Ice mengaku tetap konsisten mempelajari bahasa Korea melalui acara varietas secara mandiri. Baginya, kegemaran ini merupakan bagian dari pengembangan diri meskipun sebagian orang menganggap hobi tersebut dilakukan secara berlebihan.
"Bukan karena sok-sok ngikut-ngikutin, kayak kalau kita nonton variety show mereka di aplikasi atau kayak di YouTube, jadi lebih belajar sendiri," ucap Ice.
Hingga saat ini, Ice mengaku tetap menjadi penggemar yang realistis dengan tidak memaksakan diri secara finansial untuk membeli pernak-pernik atau tiket konser. Ia menekankan bahwa kecintaannya pada K-Pop masih berada dalam batas yang wajar.
"Saya belum pernah nonton konser K-Pop, juga enggak pernah beli lightstick atau album atau apa pun printilan-printilan K-Pop. Saya masih di tahap K-Pop yang waras, yang belum segila yang kayak yang di luar sana," kata Ice.
Sosiolog Universitas Negeri Jakarta, Rakhmat Hidayat, menjelaskan bahwa fenomena ini terjadi karena K-Pop berhasil menyatukan elemen global dan lokal dengan kualitas produksi yang tinggi. Media sosial memperkuat hubungan emosional antara idola dan para penggemarnya.

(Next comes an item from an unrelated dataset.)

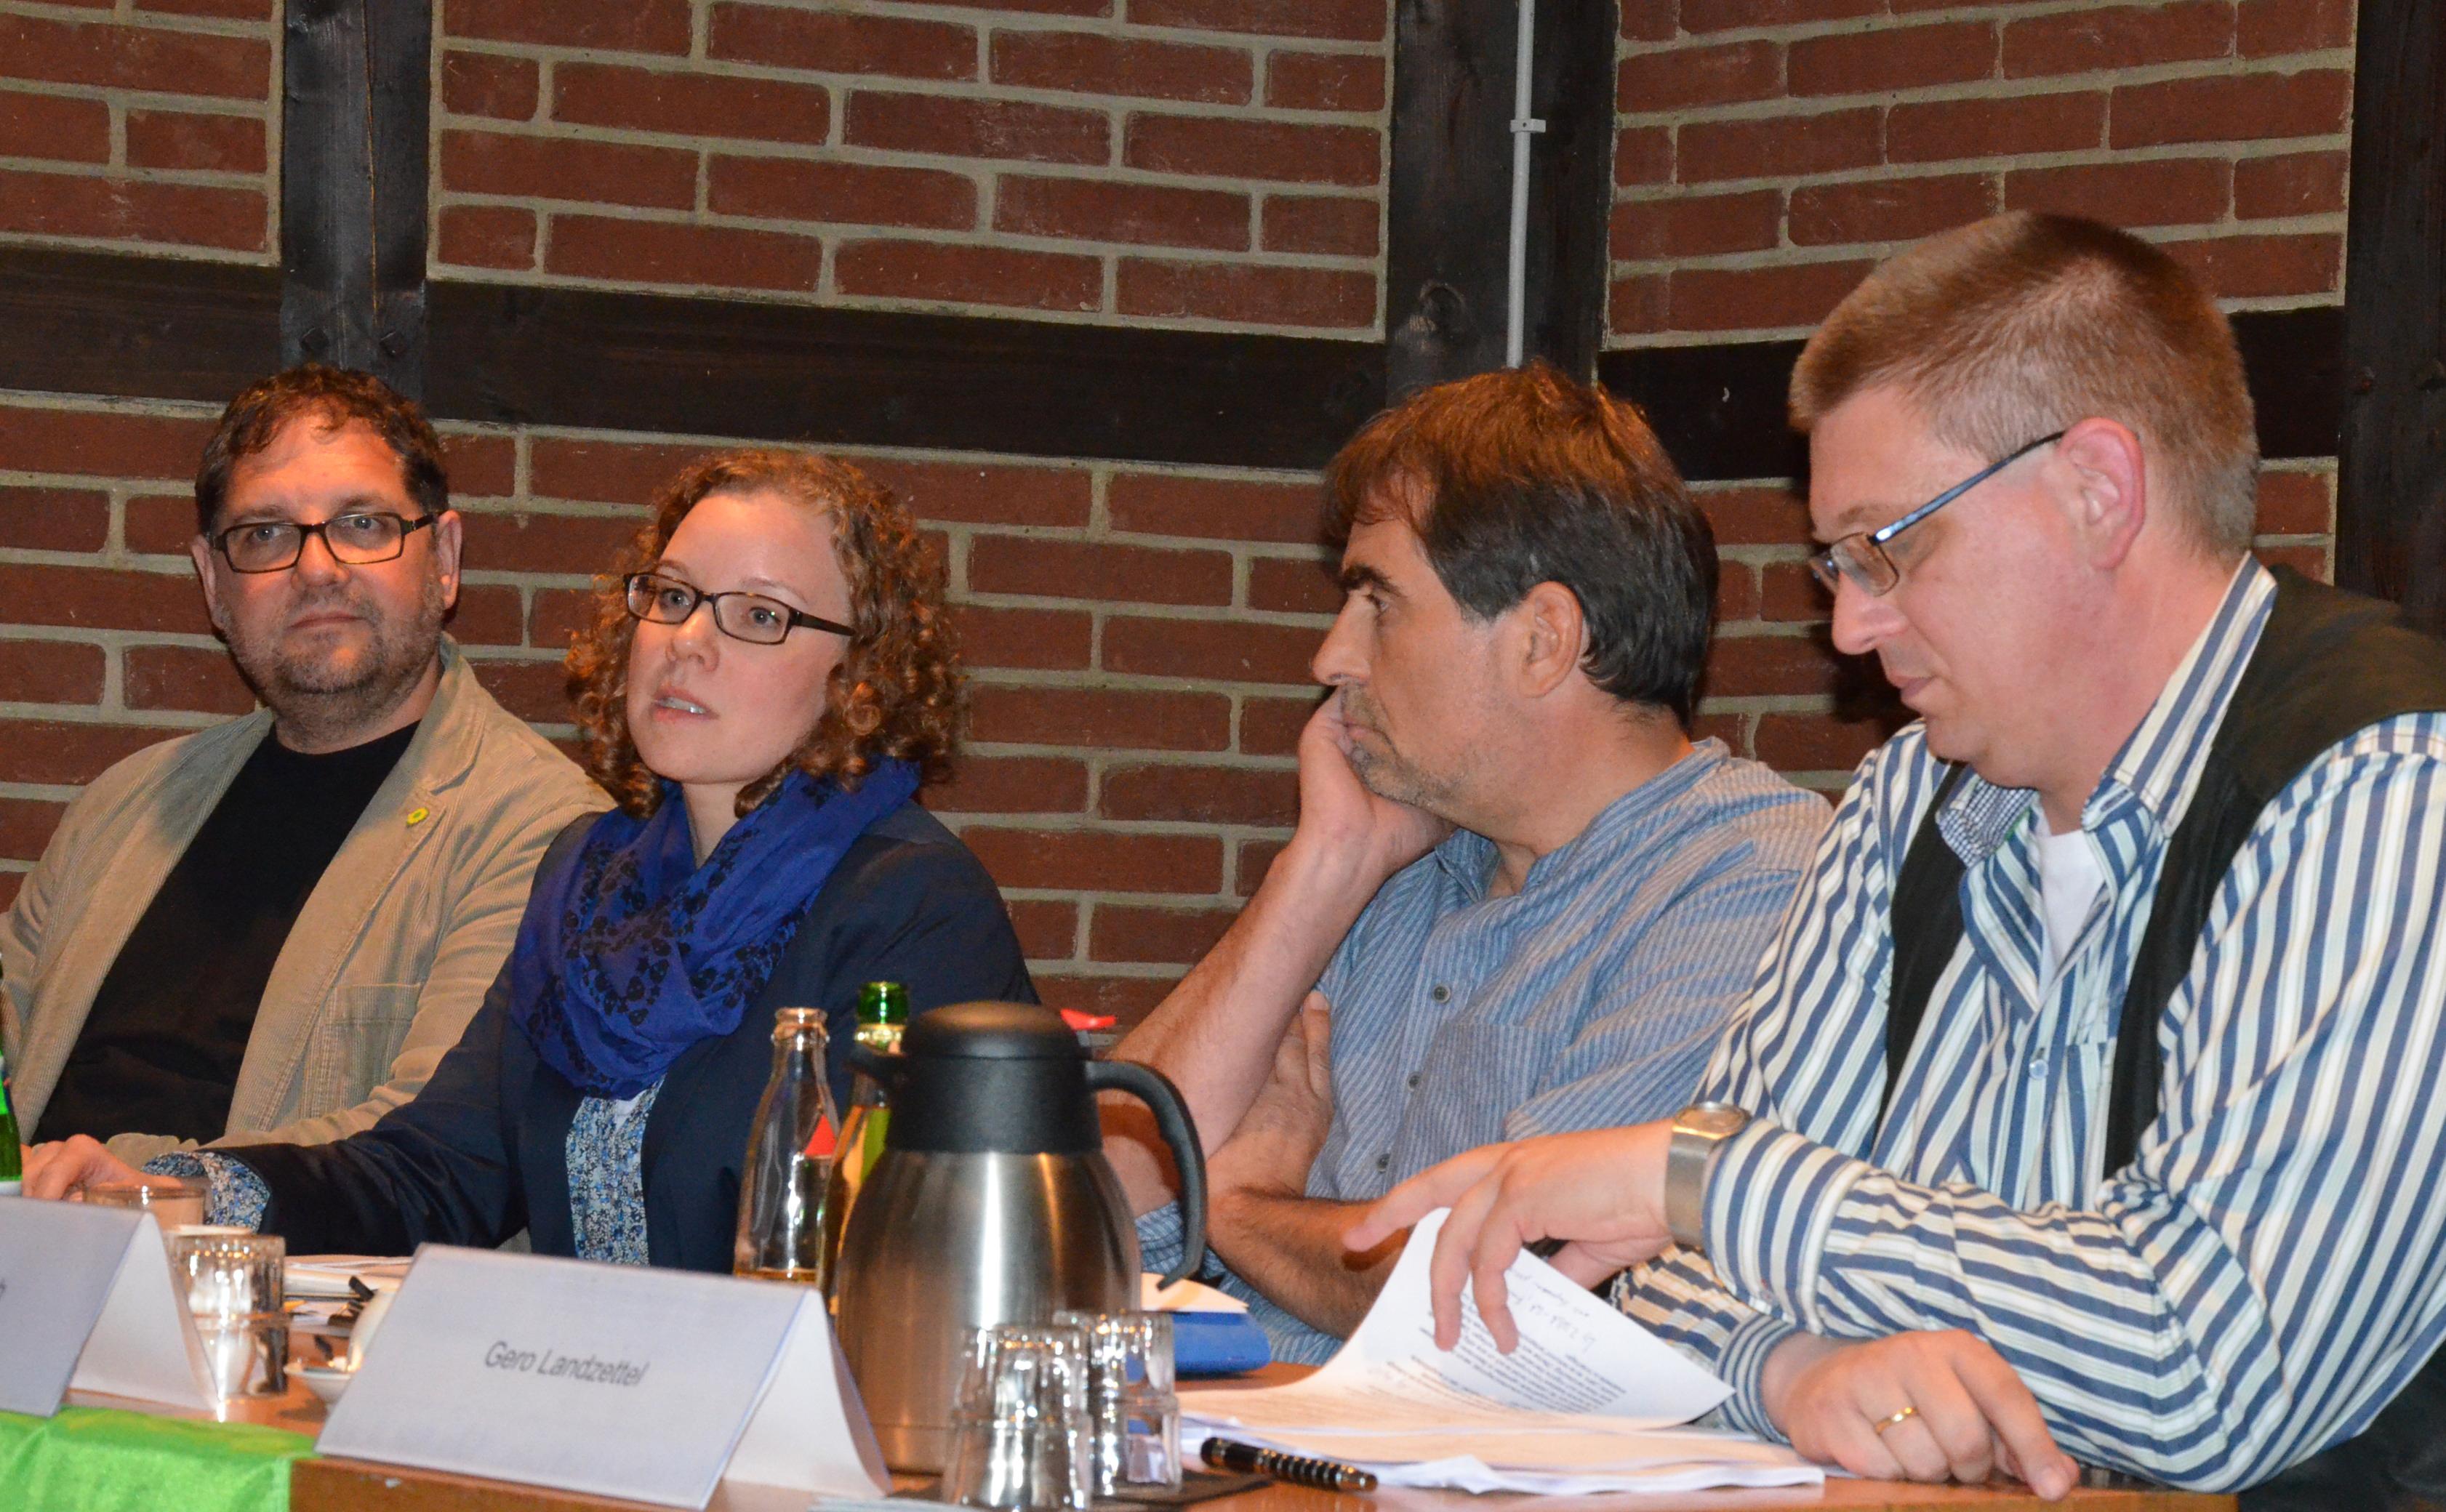 Das Podium, v.l.n.r.: Gero Landzettel (BI gg. Gasbohren), Heinz Oberlach (DEA), Julia Verlinden (MdB), moi

"K-Pop itu memiliki daya tarik yang kuat karena berhasil menggabungkan elemen-elemen global dan lokal dalam musik dan budaya pop," ungkap Rakhmat ketika dihubungi Kompas.com, Selasa.
Menurutnya, fenomena ini merupakan bentuk investasi pengalaman dan konsumsi emosional bagi masyarakat. Hiburan tersebut kini telah bergeser menjadi simbol aspirasi yang mendalam bagi identitas sosial individu di Indonesia.
"K-pop memberikan platform bagi penggemar untuk mengekspresikan diri dan menjadi bagian dari komunitas global yang terhubung melalui minat yang sama," sambung Rakhmat.
Rakhmat menambahkan bahwa masyarakat saat ini cenderung mengaitkan hubungan hiburan dengan pencapaian emosional yang lebih luas. Hal ini menjadikan K-Pop bukan sekadar musik, melainkan gaya hidup dan pencarian makna hidup.
"Terutama dari dunia K-Pop, kini menjadi simbol ya, simbol aspirasi dan pengaruh yang sangat besar, jauh melampaui hanya sekadar hiburan," jelas Rakhmat.